GWT is liable for the damage caused by delay of the client in case of work performances, if a final date agreed upon in the offer is exceeded exclusively due to reasons within GWT's responsibility. The damage caused by delay is limited to the proven damage of the client and the amount is limited to 0.5 per cent for each completed week of delay, but in total not more than 5 per cent of the total remuneration of the part of the service not completed in time. The client must clarify whether he wishes to withdraw from the contract or not and/or claims damages instead of performance or insists on performance.



10.1 The contracting parties are obliged not to disclose the confidential information to third parties without the prior written consent of the disclosing party and to use it only for the purpose of the agreement. The information will also not be used for own purposes. All necessary precautions are taken to prevent unauthorized persons from accessing this information.
10.2 Confidential information is information that is expressly designated as such and information that by its nature is considered confidential.
10.3 Information is not considered confidential if it can be shown to be:
  • were known to the contractual partner prior to receipt,
  • are generally known to the public,
  • have been made available to the public after receipt, without the contracting partner being responsible for this, or
  • have been lawfully made accessible to the contracting partner by a third party
  In the event of a breach of the obligations under this Agreement, the breaching Party shall bear the burden of proof for the existence of these facts.
10.4 The obligation arising from this provision shall apply to both contracting parties for a further 3 years after termination of the order.
10.5 The client recognizes the necessity of scientific lectures and publications by GWT or third parties commissioned by GWT and will not unreasonably withhold any necessary consent.
10.6 Drawings, drafts or other templates provided by GWT or its subcontractors remain the property of GWT, unless otherwise agreed in writing. They may not be used for purposes other than those agreed, reproduced or brought to the attention of third parties and must be returned to GWT immediately after fulfillment of the contract or upon termination of the project or upon request by GWT.

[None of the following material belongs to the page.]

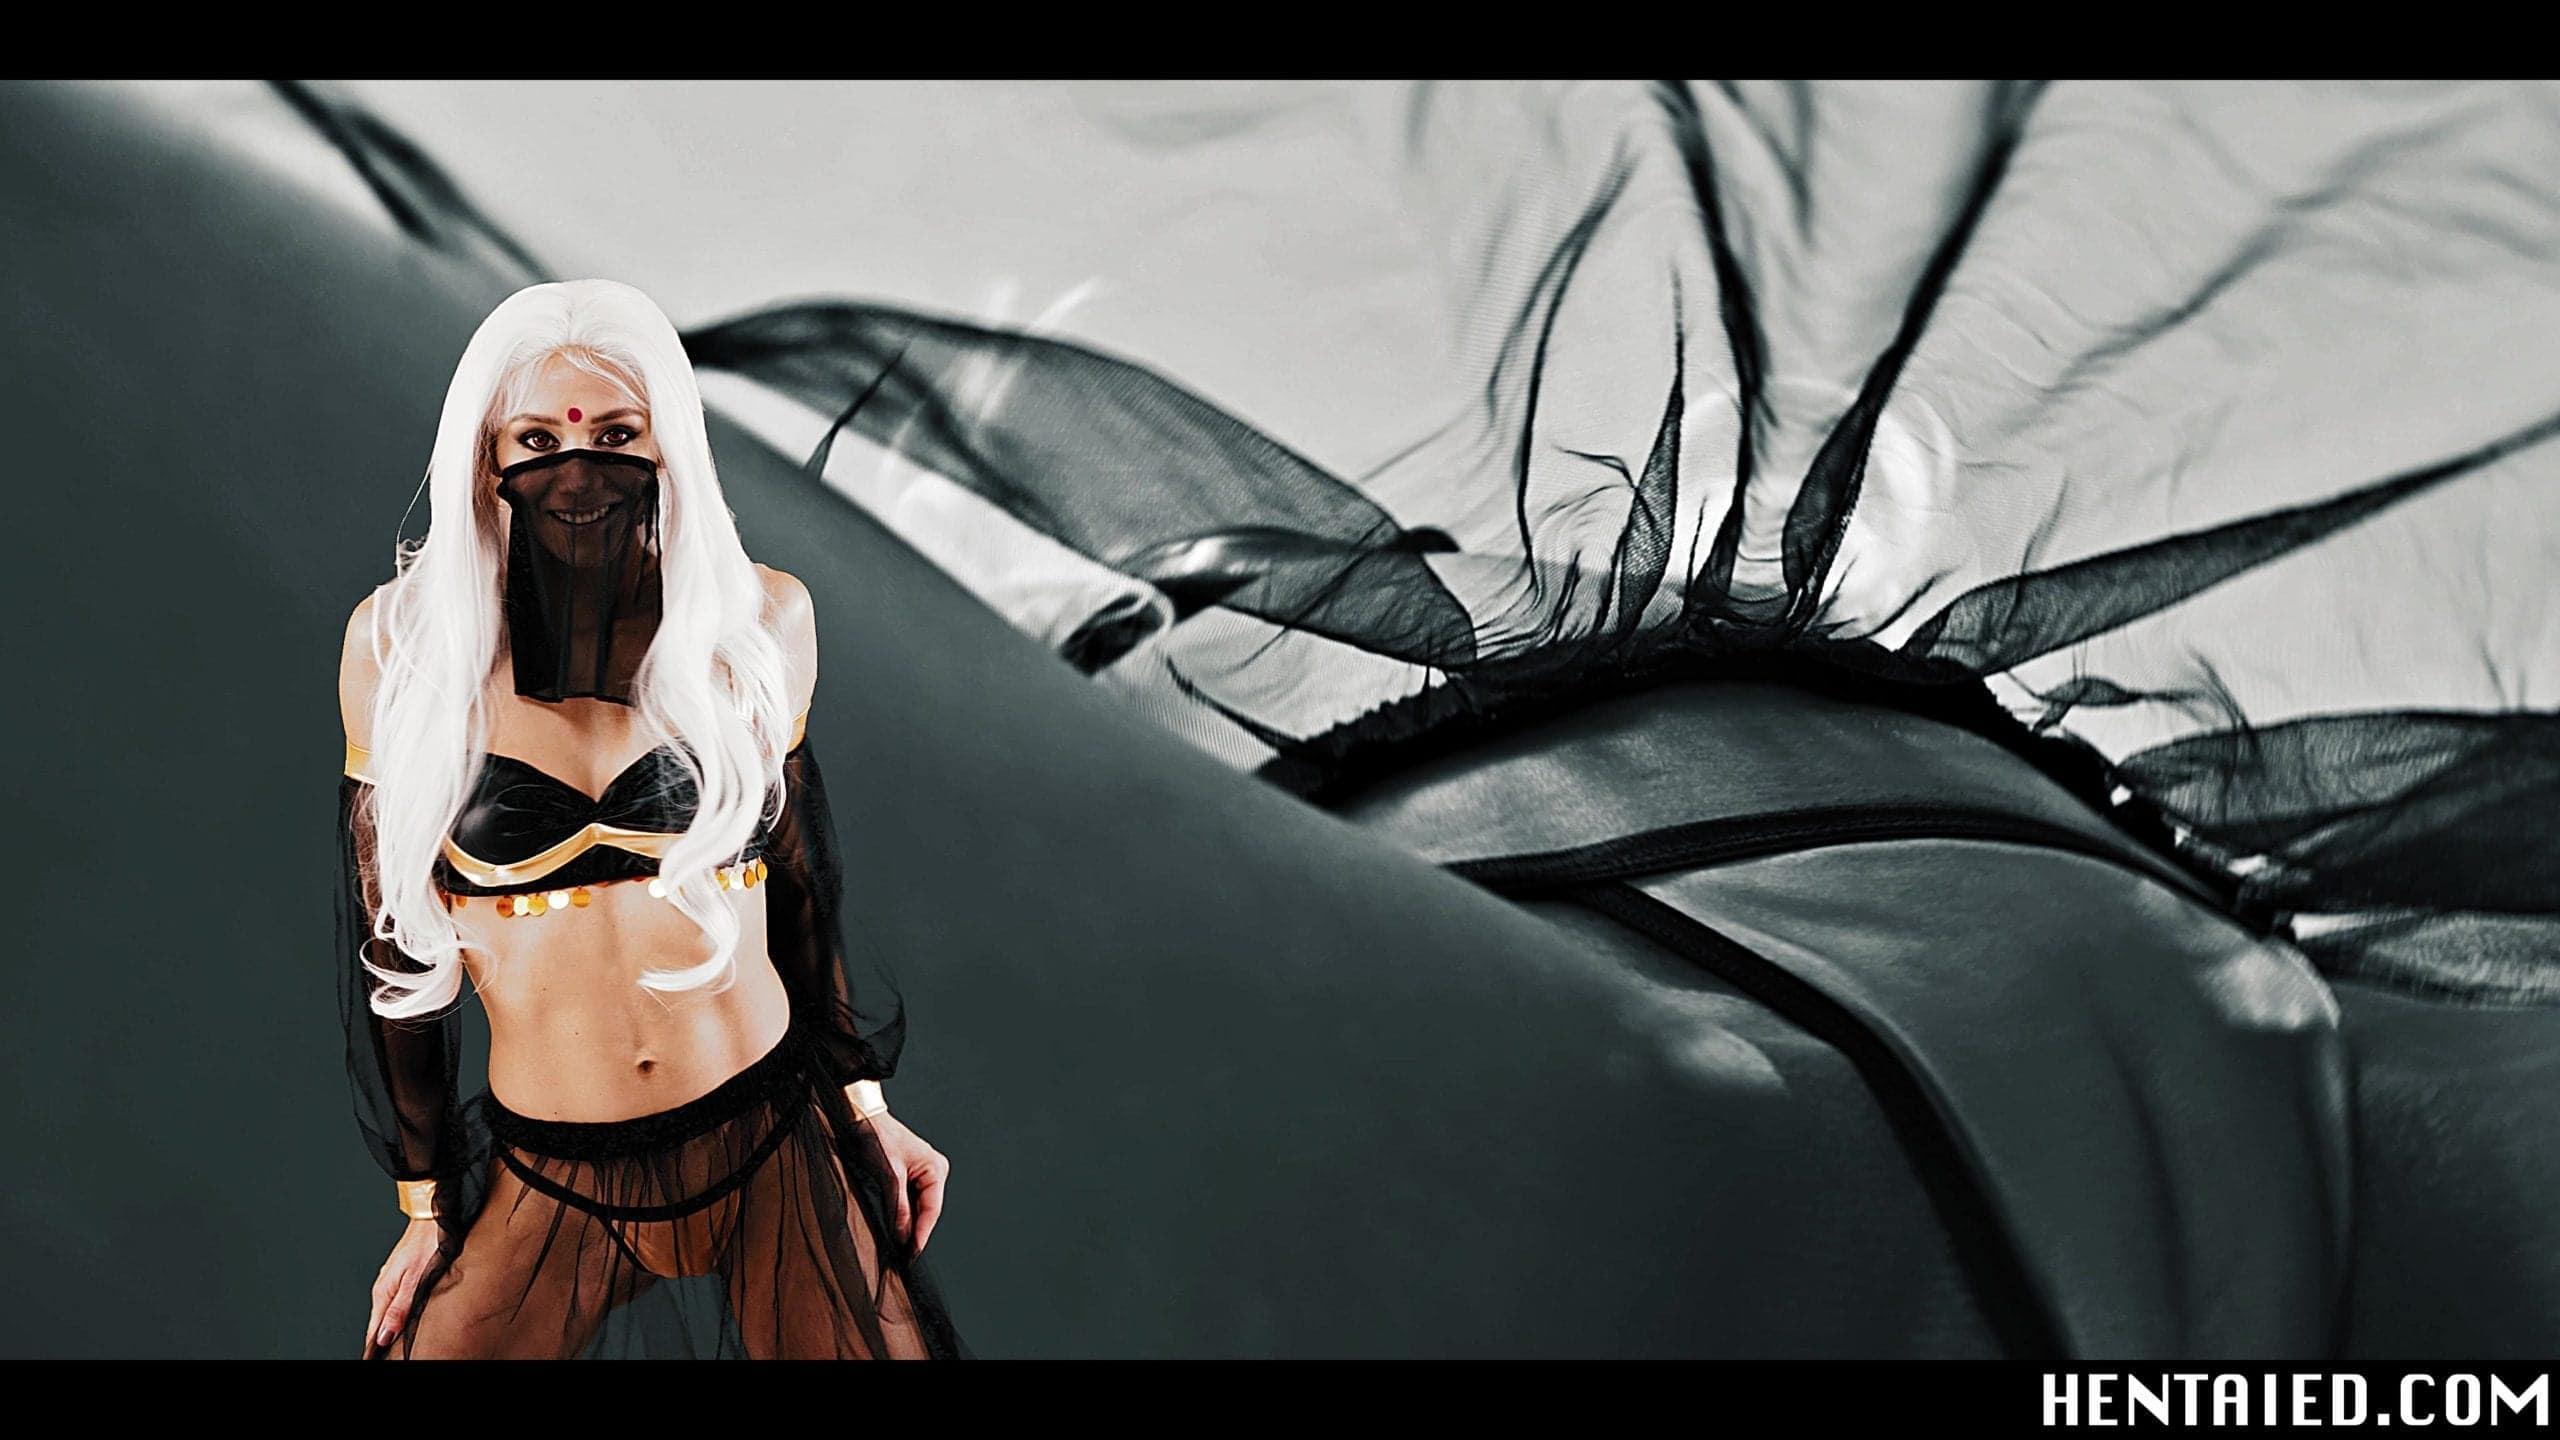 Masked pornstar Veronica Leal cosplay

  The contracting parties shall process or use personal data of the respective other contracting party only for contractually agreed purposes in compliance with the statutory provisions.

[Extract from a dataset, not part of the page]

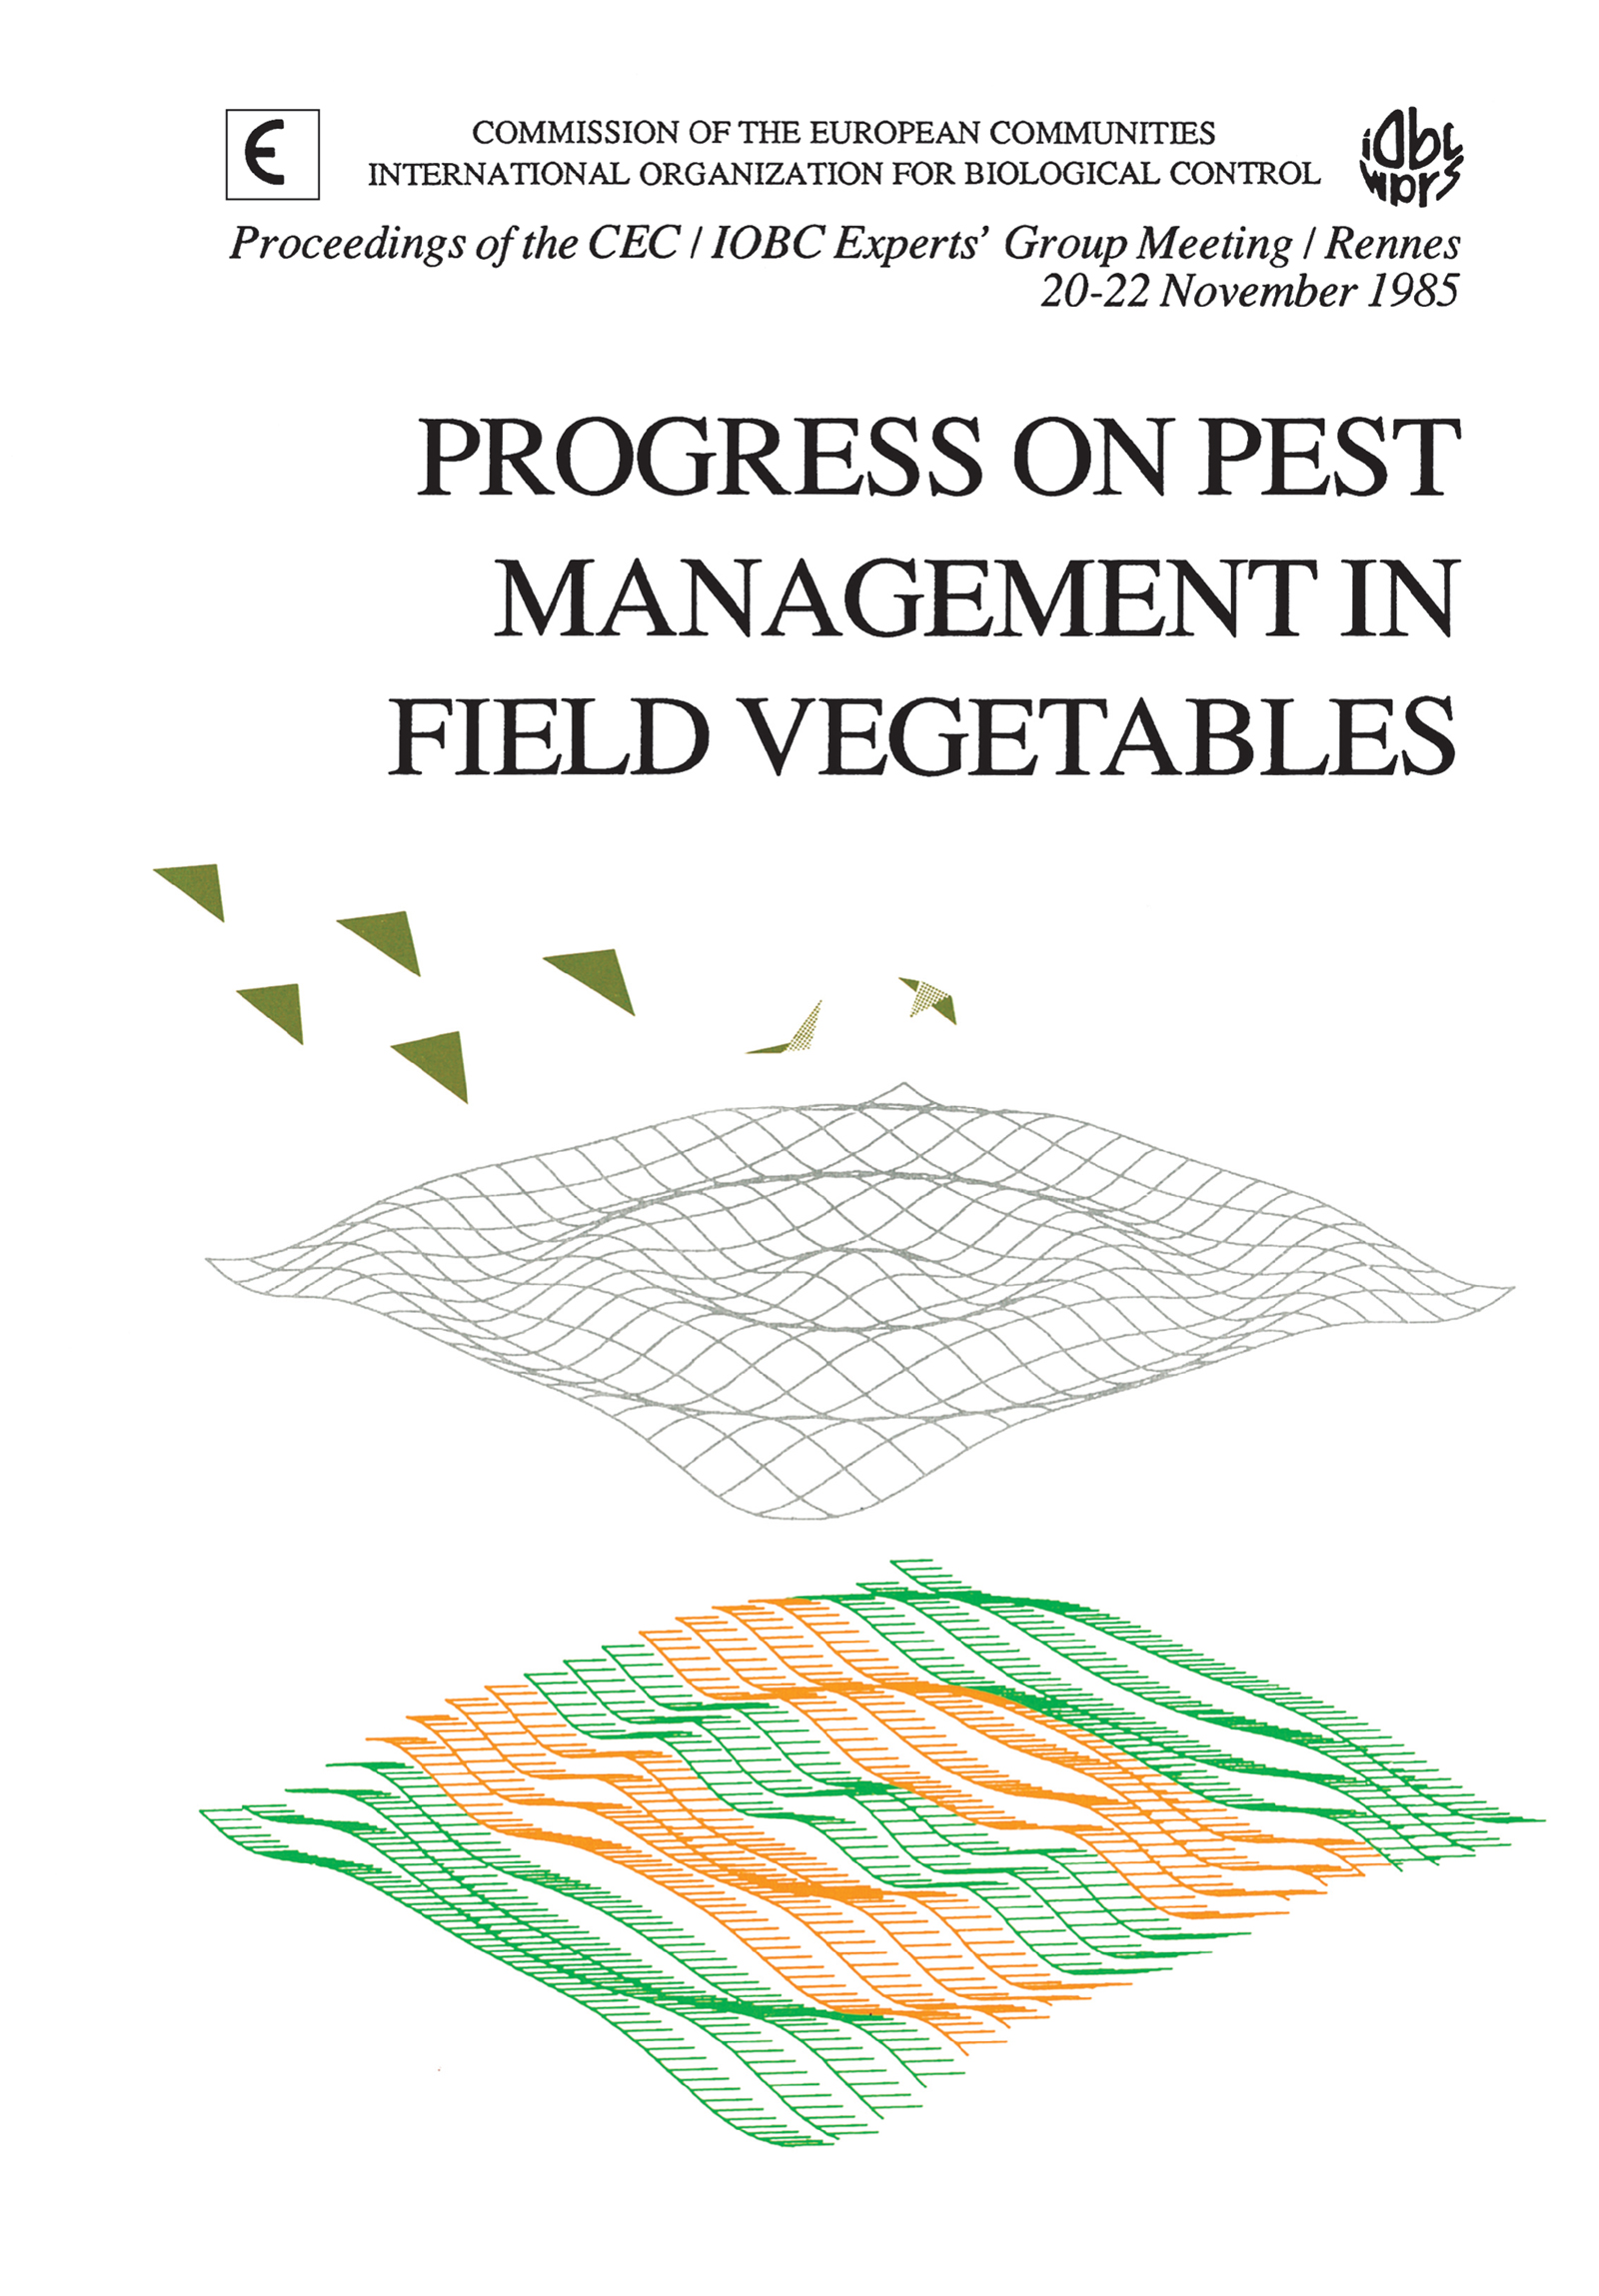 Progress on Pest Management in Field Vegetables

12.1 Unless otherwise agreed in writing, contracts may be terminated at any time with 30 days' notice to the end of the month.
12.2 The termination of contracts for good cause remains unaffected.
12.3 In case of termination GWT will hand over the result achieved until then. The client is obligated to compensate GWT for the services rendered in accordance with the contract up to the time the termination becomes effective. In the case of fixed prices, settlement takes place according to the status of the project in relation to the total work. In addition, GWT is entitled to compensation for GWT's liabilities incurred up to the date of termination.
12.4 The written form requirement shall apply in each case.


Final provisions

13.1 The transfer of rights and obligations from the contracts by the client to third parties requires the prior written consent of GWT.
13.2 The invalidity of individual provisions or its components shall not affect the validity of the remaining provisions.
13.3 The inclusion and interpretation of these General Terms and Conditions as well as the conclusion and interpretation of legal transactions with the contractual partner shall be governed exclusively by the laws of the Federal Republic of Germany with the exception of the conflict of laws and the UN Convention on Contracts for the International Sale of Goods (CISG).
13.4 The place of jurisdiction for all disputes arising from this contract shall be Dresden.



14.1 These General Terms and Conditions are valid starting from 14.07.2023.